Bitcoin has staged a measured recovery from the February lows near $60,000, reclaiming the $76,000 level with renewed institutional backing. The current price action at $76,036 reflects a 1.68% daily gain and a broader 7.2% monthly climb, signaling that the worst of the correction may be behind us.
Technical Structure: Building a Foundation
The 4-hour timeframe presents a constructive setup. A MACD golden cross has formed with the DIF line crossing above DEA, historically a reliable bullish signal. Price has reclaimed the 20-period moving average on the 15-minute chart, establishing short-term momentum. The golden pocket retracement from the October highs has held firm, and the 5-month downtrend that plagued late 2025 has been decisively broken.
However, caution remains warranted. Both CCI and Williams %R indicators are flashing overbought conditions on multiple timeframes, suggesting the current leg may face near-term consolidation. The $76,900-$77,300 zone represents immediate resistance, with a clean break above $80,000 required to confirm a full trend reversal. Support sits at $72,000—lose that, and the range-bound narrative returns.
Institutional Flows: The Real Story
The most significant development isn't price—it's positioning. Strategy (formerly MicroStrategy) executed its third-largest Bitcoin purchase on record last week, acquiring 34,164 BTC for $2.54 billion at an average price of $74,395. This brings their total holdings to over 815,000 BTC with an average cost basis of $75,527. When Michael Saylor doubles down during consolidation, it signals conviction that transcends short-term volatility.
U.S. spot Bitcoin ETFs recorded nearly $1 billion in net inflows during the third week of April, with BlackRock's IBIT and Fidelity's FBTC leading the charge. Morgan Stanley's newly launched spot ETF attracted over $100 million in its first week, with wallet addresses now publicly tracked. Charles Schwab, managing $12 trillion in assets, announced direct Bitcoin trading for its 40 million retail clients will launch within weeks, recommending portfolio allocations up to 7%.

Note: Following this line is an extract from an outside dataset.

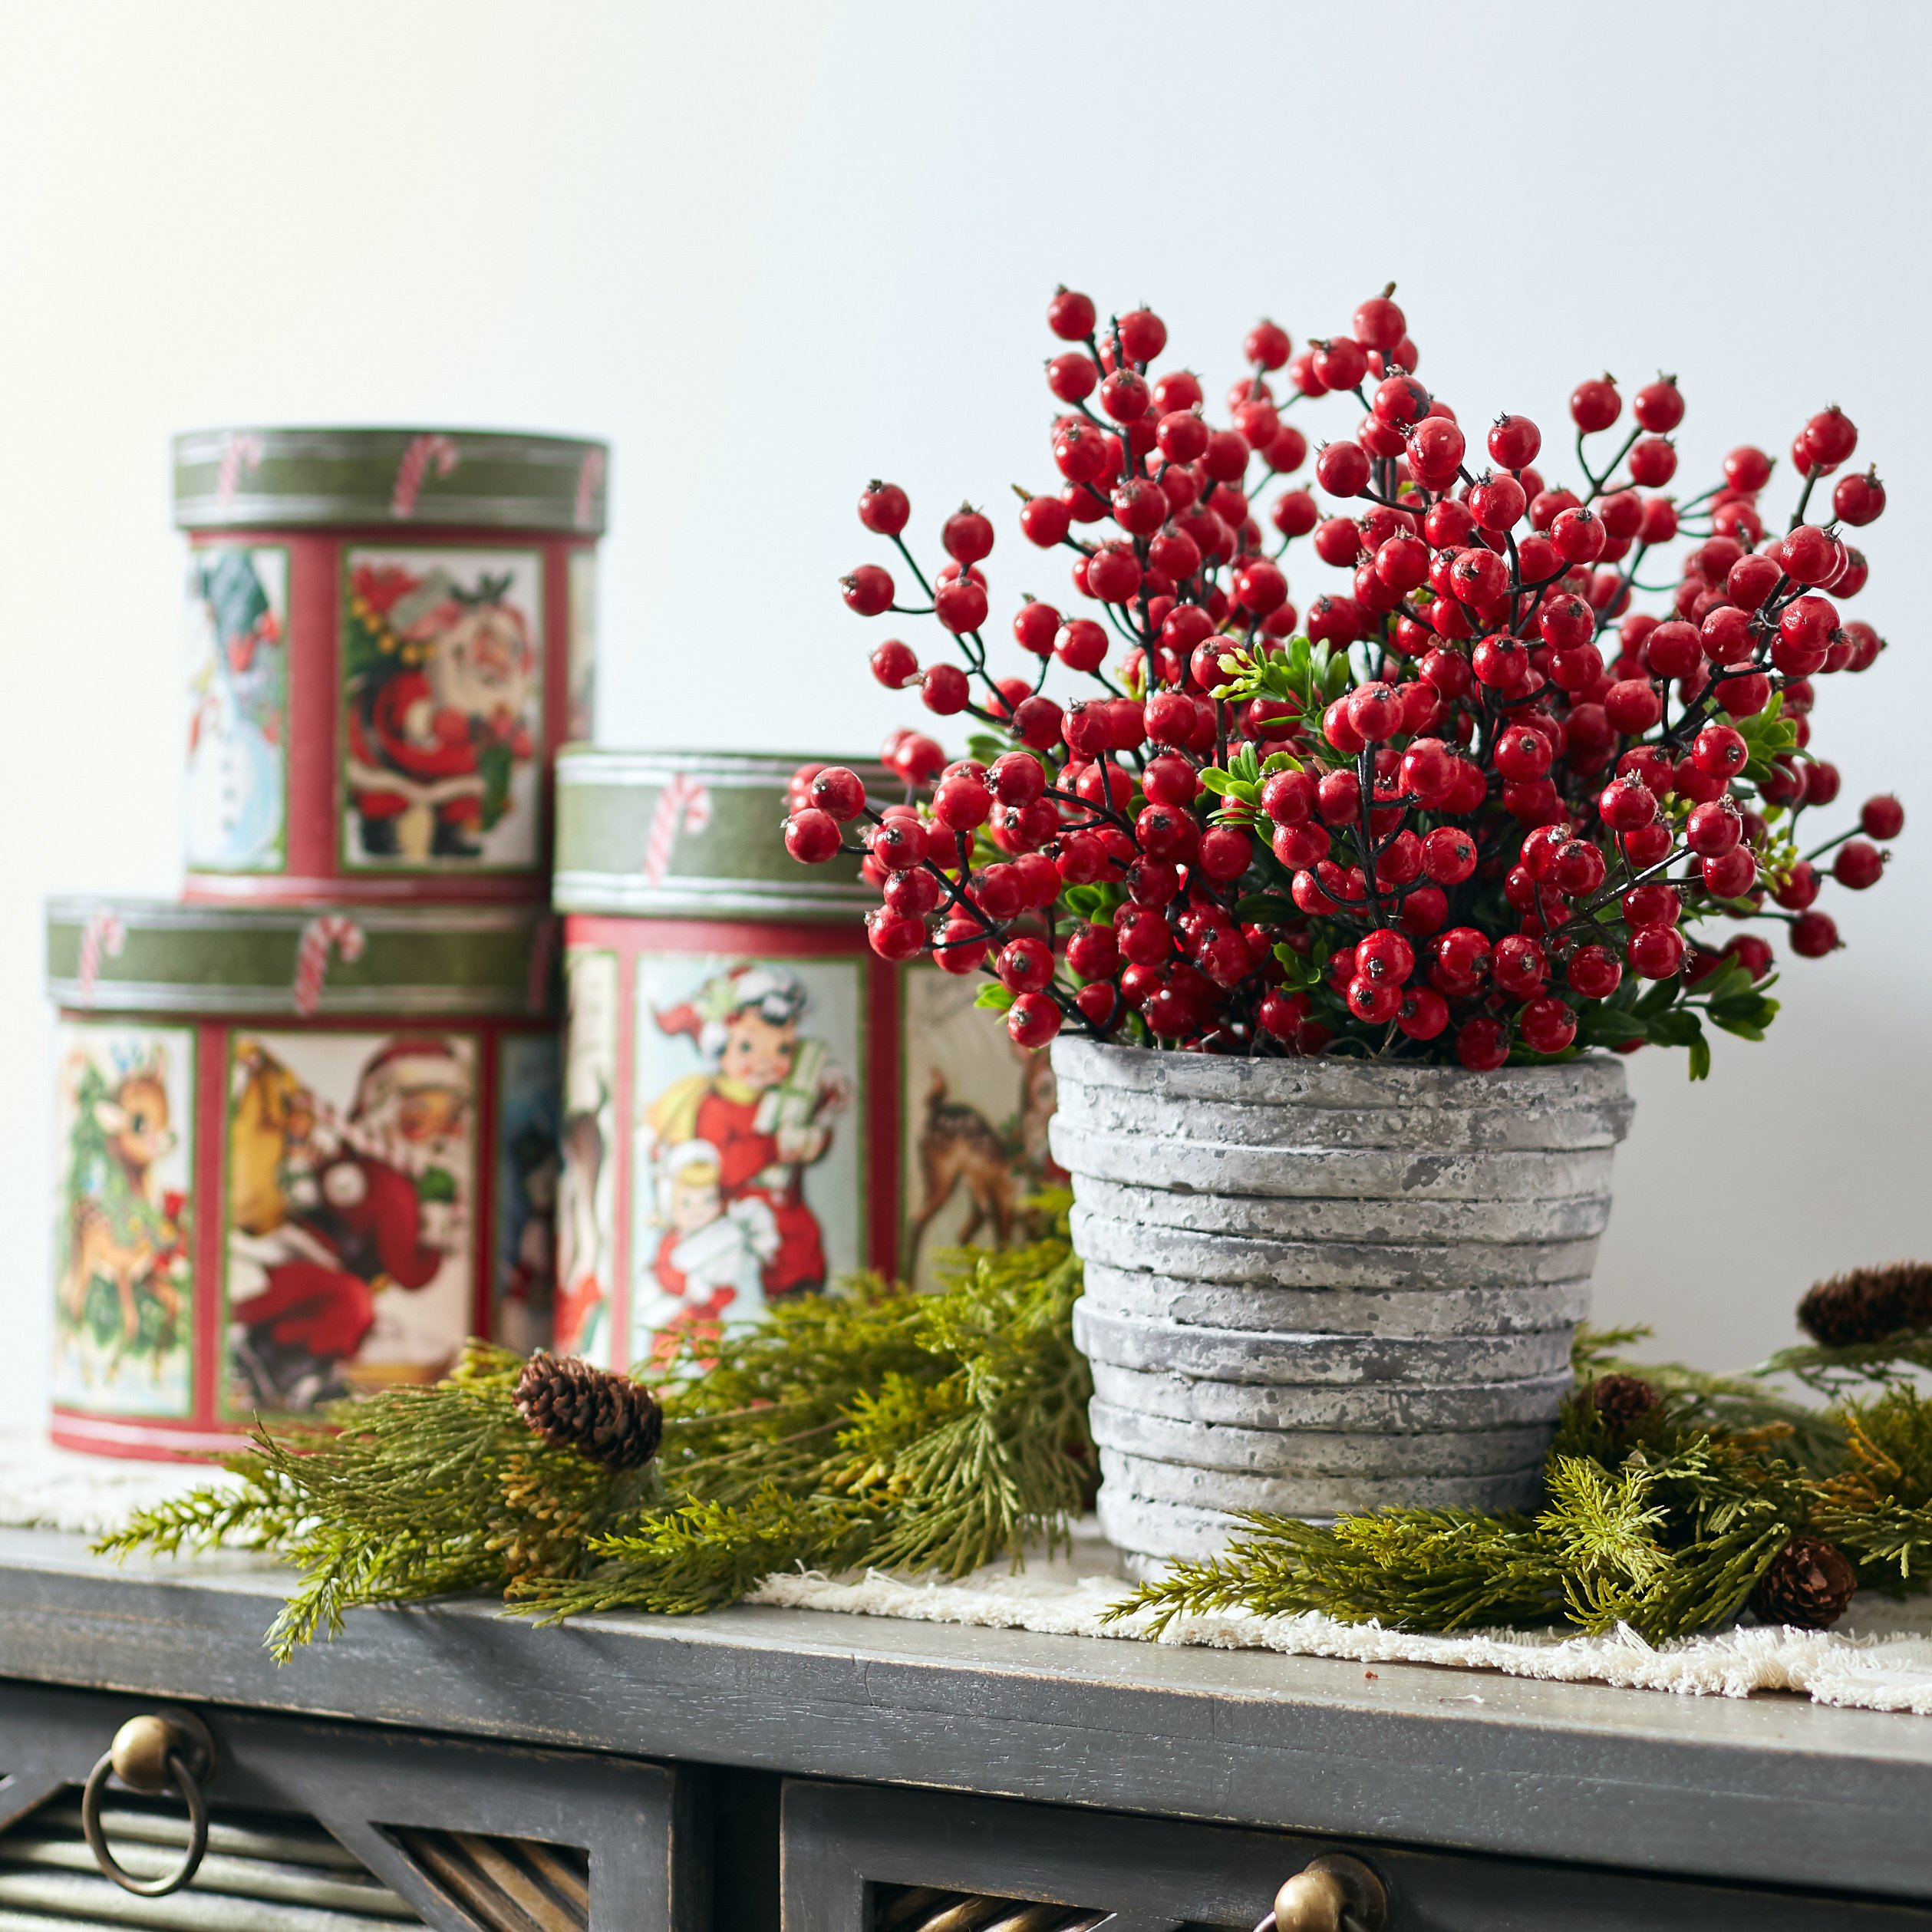 Red Christmas Berries & Boxwood Arrangement in Stoneware Pot

Macro Context: Risk-On Returns
The reopening of the Strait of Hormuz removed a significant geopolitical overhang, allowing risk assets to breathe. Traditional markets have responded with the S&P 500 and NASDAQ hitting fresh all-time highs. Bitcoin, while still 40% below its October 2025 peak of $125,000, is playing catch-up. The correlation with equities remains elevated, positioning BTC as a high-beta proxy for risk appetite.
Tether added $70 million in Bitcoin to its reserves, pushing total holdings above 97,000 BTC. Whale accumulation is occurring at decade-high levels according to on-chain data, even as short-term holders have reduced supply from 6.2% to 4.54% during the climb—a classic distribution pattern that often precedes larger moves.

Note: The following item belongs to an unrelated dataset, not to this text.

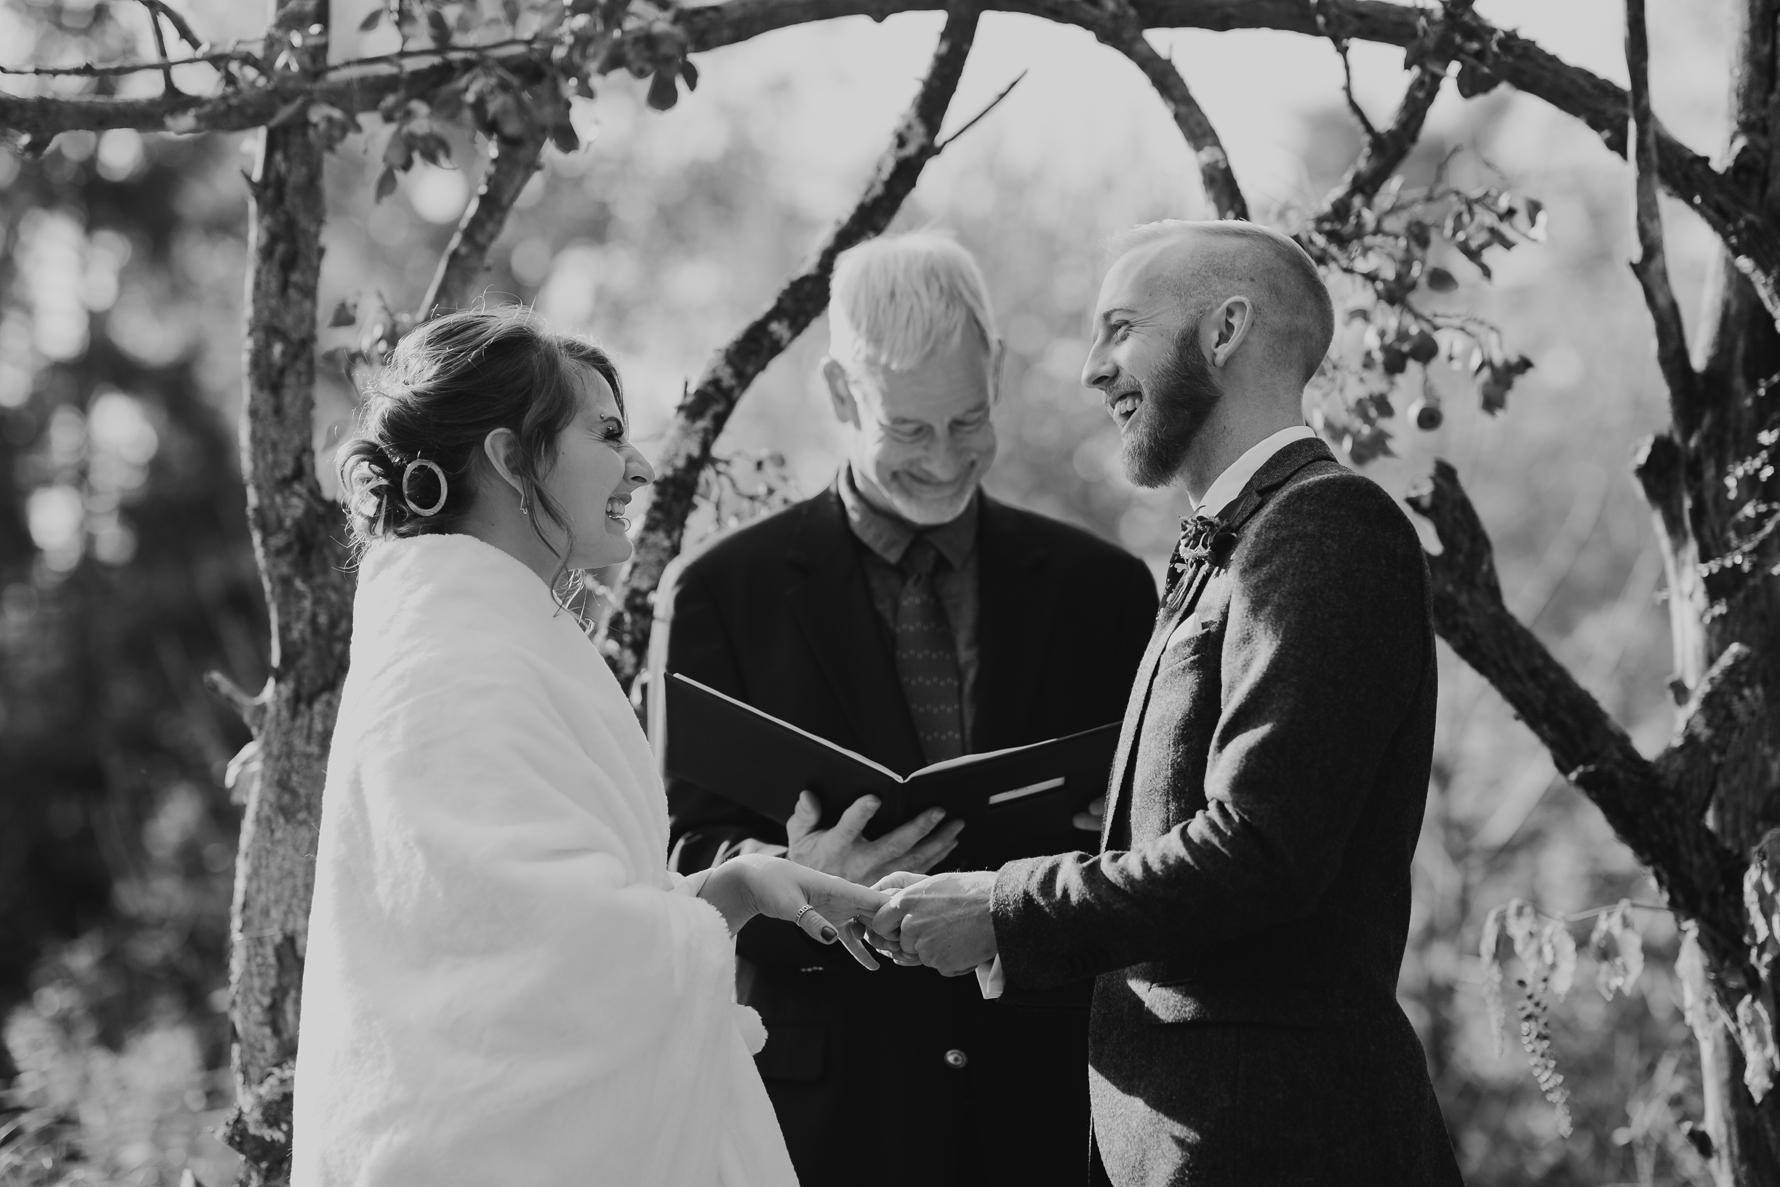 norris-traverse-city-wedding-46.JPG

Market Sentiment: Cautiously Optimistic
Social sentiment metrics show 71% positive content versus 14% negative, with fear and greed readings at 33—still in "fear" territory but recovering. The narrative has shifted from "crypto winter" to "cycle reloading." Panic selling has quieted, and smart money is repositioning for the next leg.
The Verdict
Bitcoin's bounce is technically sound and fundamentally supported by institutional accumulation. The $75,000-$80,000 range represents a critical test—break above with volume, and the path to $90,000+ opens. Fail here, and a retest of $56,000-$60,000 remains possible.
For traders: The current setup favors dip-buying on pullbacks to $72,000 with stops below $70,000. For holders: The institutional bid provides a floor that didn't exist in previous cycles. The 2026 outlook remains constructive, with Bitwise CIO Matt Hougan forecasting a robust recovery as TradFi retail increasingly participates through regulated channels.
The cycle isn't over. It's reloading.